A mudança do padrão de crescimento diante da ameaça inflacionária é algo que qualquer keynesiano menos fanático sabe que se enfrenta pela mão nada única do incremento do investimento. Aí começa o problema que a correlação de forças em si não explica. Esquerda e direita juram de pé juntas que a maior ameaça à renda dos trabalhadores reside na inflação e que, portanto, combatê-la é uma questão fulcral. Aumentam-se os juros e que se movam todas as energias da nação contra a ameaça de desvalorização cambial.
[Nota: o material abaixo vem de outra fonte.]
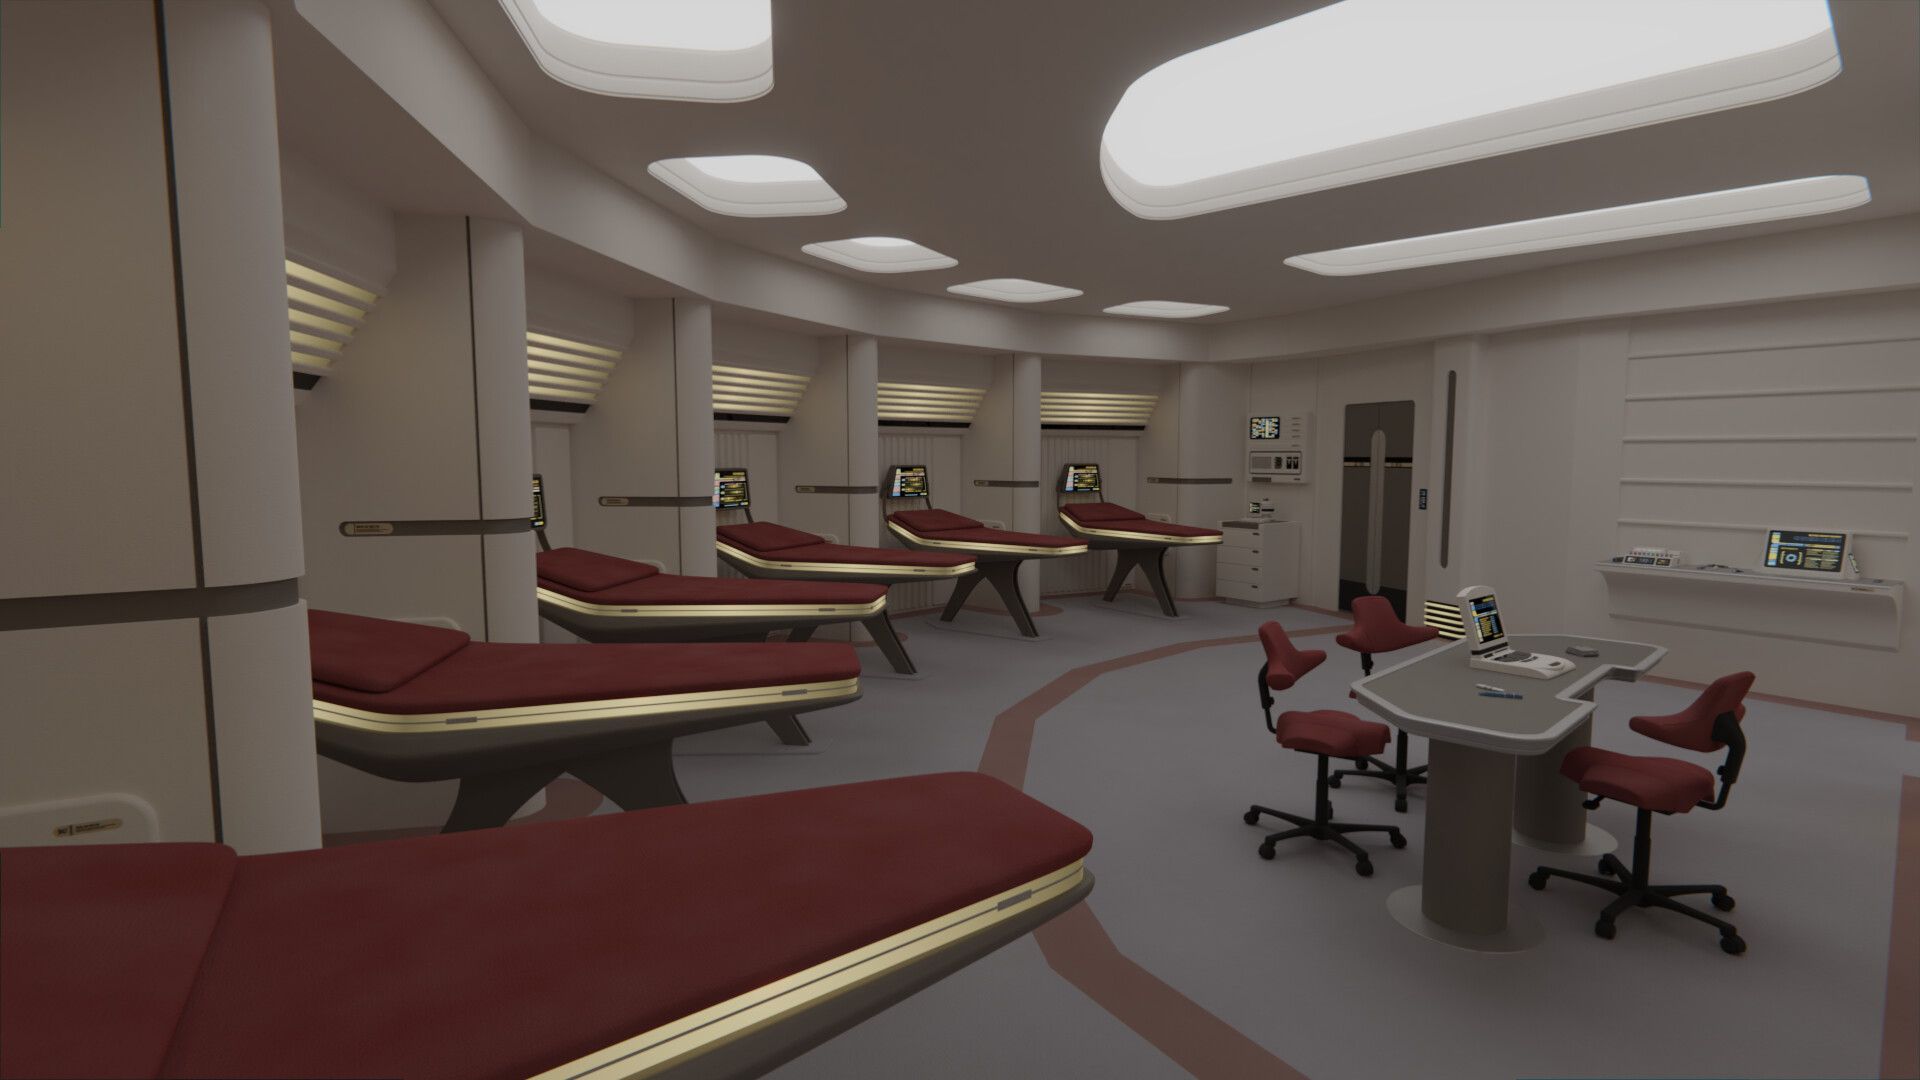 Aft Sickbay, another angle

A direita falando em inflação como inimiga número um do poder de compra redunda, como sabemos, em uma farsa comprovada pelos últimos anos do governo FHC. Já uma ampla maioria de burocratas e pensadores de esquerda comungando da mesma opinião e receita, só se pode prever uma tragédia.
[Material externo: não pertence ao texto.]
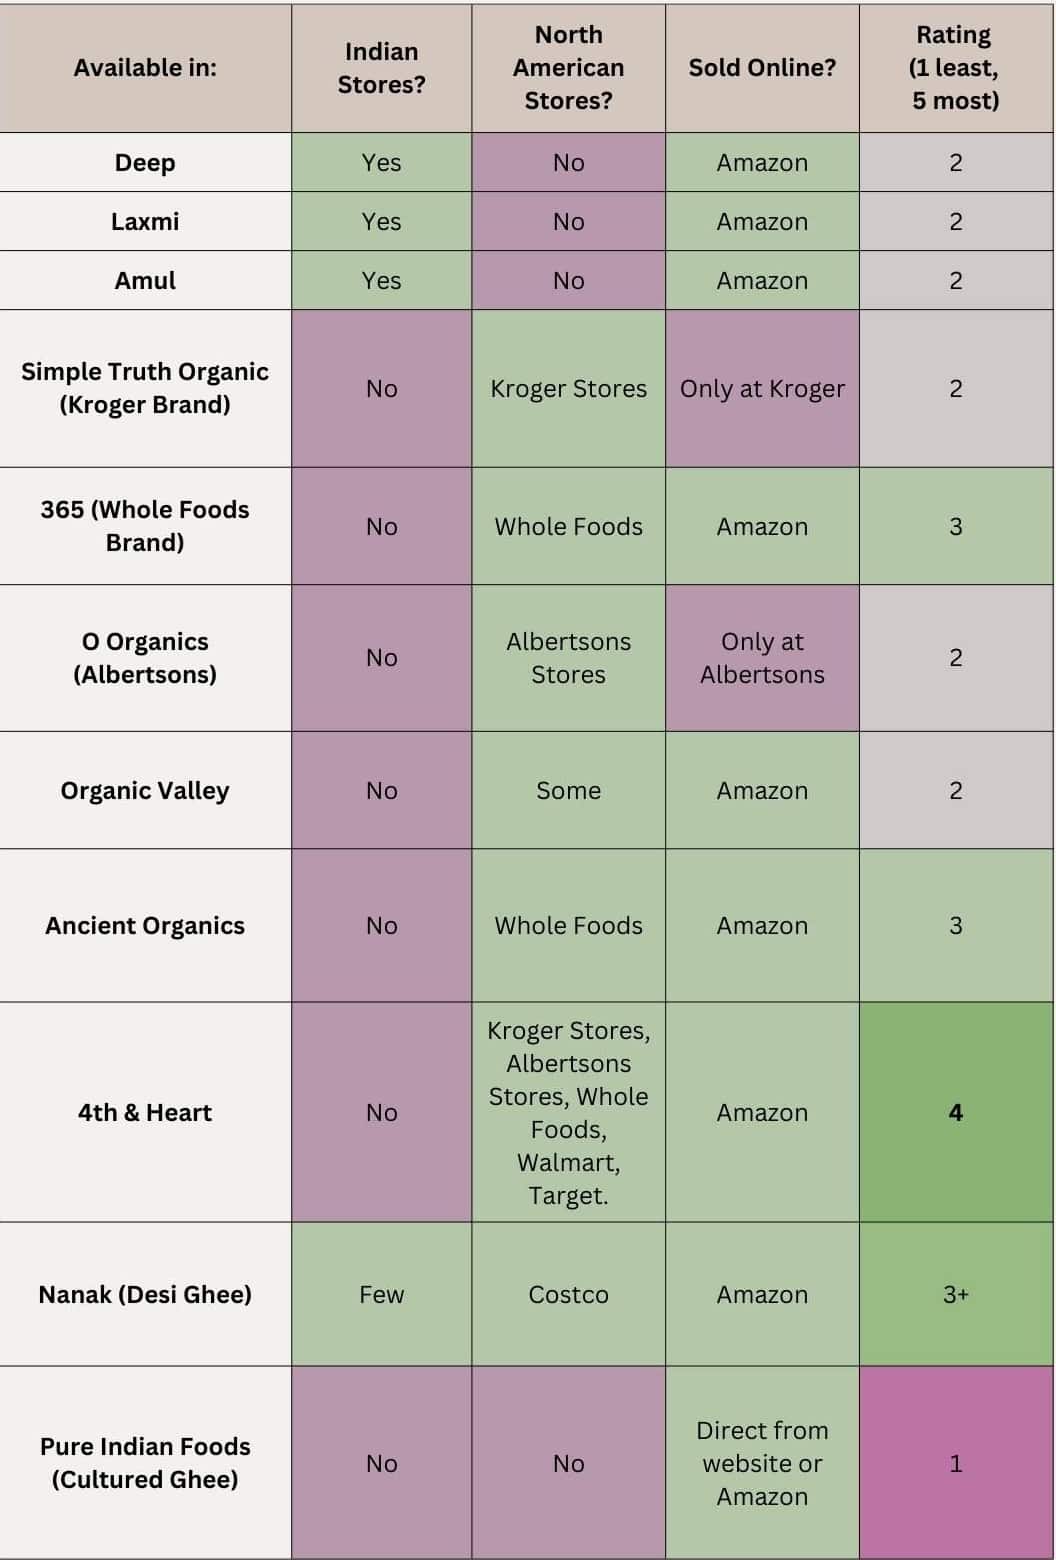 A comparison of various ghee brands based on availability in Indian stores, North American stores, and online platforms, along with their corresponding ratings on a scale of 1 to 5, where 1 indicates the least availability and 5 indicates the most availability. Each row represents a different brand. Deep: Available in Indian stores, not in North American stores, sold on Amazon, with a rating of 2. Laxmi: Available in Indian stores, not in North American stores, sold on Amazon, with a rating of 2. Amul: Available in Indian stores, not in North American stores, sold on Amazon, with a rating of 2. Simple Truth Organic (Kroger Brand): Not available in Indian stores, available in Kroger stores (Kroger, QFC, Harris Teeter, etc.), can be ordered online from the store, with a rating of 2. 365 (Whole Foods Brand): Not available in Indian stores, available in Whole Foods, sold on Amazon, with a rating of 3. O Organics (Albertsons): Not available in Indian stores, available in Albertsons stores (Safeway, etc.), can be ordered online from the store, with a rating of 2. Organic Valley: Not available in Indian stores, available in some stores, sold on Amazon, with a rating of 2. Ancient Organics: Not available in Indian stores, available in Whole Foods, sold on Amazon, with a rating of 3. 4th & Heart: Not available in Indian stores, available in Kroger stores, Albertsons stores, Whole Foods, Amazon, Walmart, Target, sold on Amazon, with a rating of 4 (most available). Nanak (Desi Ghee): Available in a few Indian stores, available in Costco, sold on Amazon, with a rating of 3. Pure Indian Foods (Cultured Ghee): Not available in Indian stores, not available in North American stores, can be purchased directly from the website or Amazon, with a rating of 1.
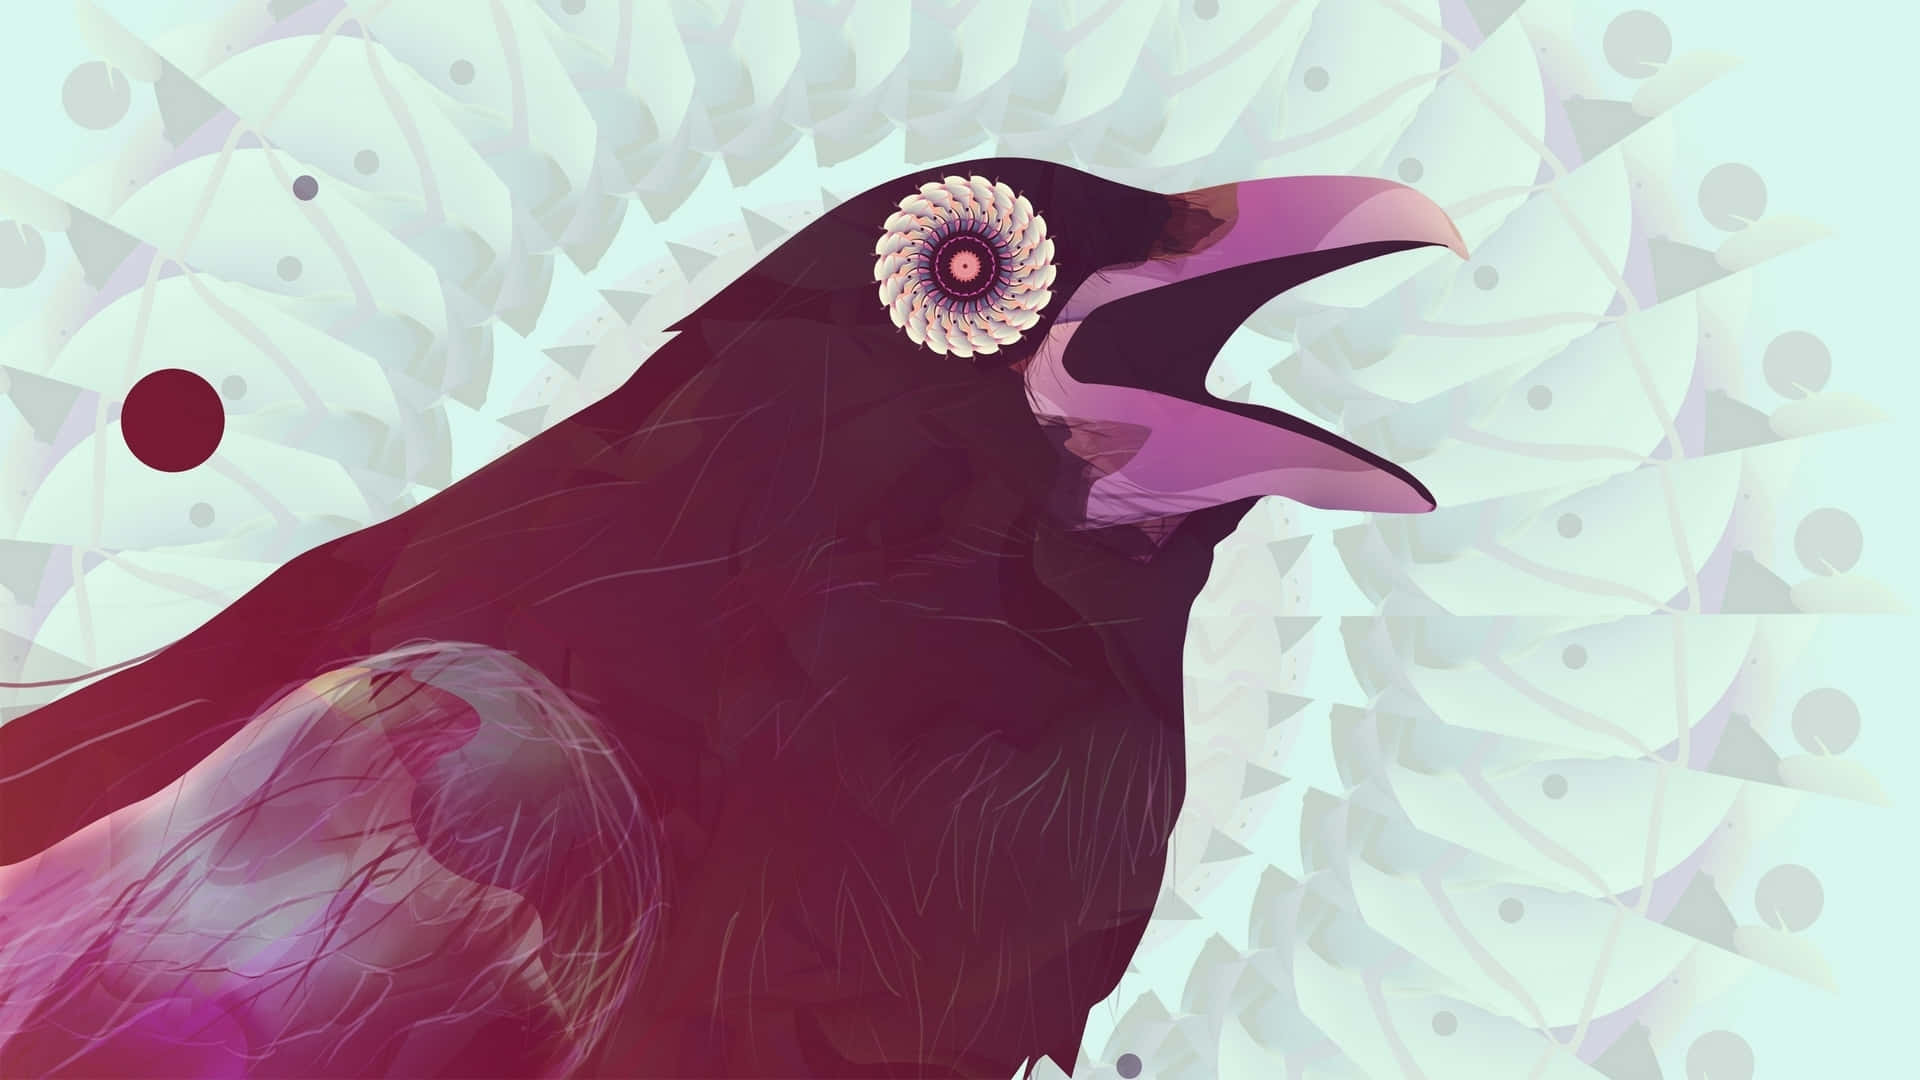 "The beauty of a raven's call evokes a sense of mystery and contemplation."

Posso estar exagerando, puxando a corda. Mas os números de nossos déficits nas contas externas, a relação entre taxa de investimentos x PIB e a gangorra cambial brasileira só pode ser caracterizada como uma tragédia amenizada pela demanda asiática por commodities e, socialmente, por políticas distributivas e uma correta perspectiva de valorização do salário mínimo.

Existe esgotamento de um projeto que demande a formação de uma nova maioria? Vejo dois níveis de análise. Sim, existe a demanda pela formação de uma nova maioria ou, na visão do PCdoB, de um “bloco de afinidades de esquerda”. Por outro lado, não vejo projeto esgotado pelo simples fato de não existir um projeto claro. Distribuir renda sem alavancar a taxa de investimentos não pode ser visto como um “projeto” e sim como uma aventura que poderá fazer nosso país retroceder à Idade da Pedra que julgamos ter sido superada pela revolução de 1930.

E não temo ser politicamente incorreto ao afirmar isso, pois o aumento da massa salarial nos últimos anos não foi acompanhado por elevação na produtividade do trabalho. Logo, nosso mercado interno tão aclamado como para-choque da crise de 2008 antes de ser institucionalizado à produção nacional foi capturado pela produção externa como fruto de uma política cambial deliberada para enfrentar a clara inflação que esse aumento de demanda teria como expressão.

Buscar afinidades, neste aspecto, passa a ser não somente uma coisa óbvia diante da ofensiva conservadora e ultrarreacionária. Existe um problema claro de convicções em torno de algo que deveria ser basilar para qualquer projeto político sério e consequente – forjado, concebido e nucleado por forças de esquerda. Refiro à centralidade do desenvolvimento.

Porém, agenda do desenvolvimento choca-se com a mediatriz que vivemos do “politicamente correto”. Sinônimo, não antônimo, de “ditadura da mediocridadade”. “Politicamente correto” e “ditadura da mediocridade” em economia se traduz em consensos reacionários entre os quais para quem os ganhos proporcionados pelo Plano Real são obra de uma estranha (do ponto de vista da ciência social séria) “estabilidade monetária”. Por sua vez, essa máxima da “estabilidade” transmutou-se em ideologia oficial de Estado. Daí foi um salto a jihad contrainflacionária ser comungada por quase todo o espectro do quadro político nacional.

Escrevo isso em meio a leituras de postagens de amigos petistas no Facebook onde quadros comparativos entre as taxas de inflação nos governos FHC, Lula e Dilma são expostos. Difícil fazer crer que o debate eleitoral deverá ser reduzido a quem combateu mais a inflação, nós ou eles. Vivemos o reverso da moeda da via prussiana iniciada com a revolução de 1930. Cômico e trágico.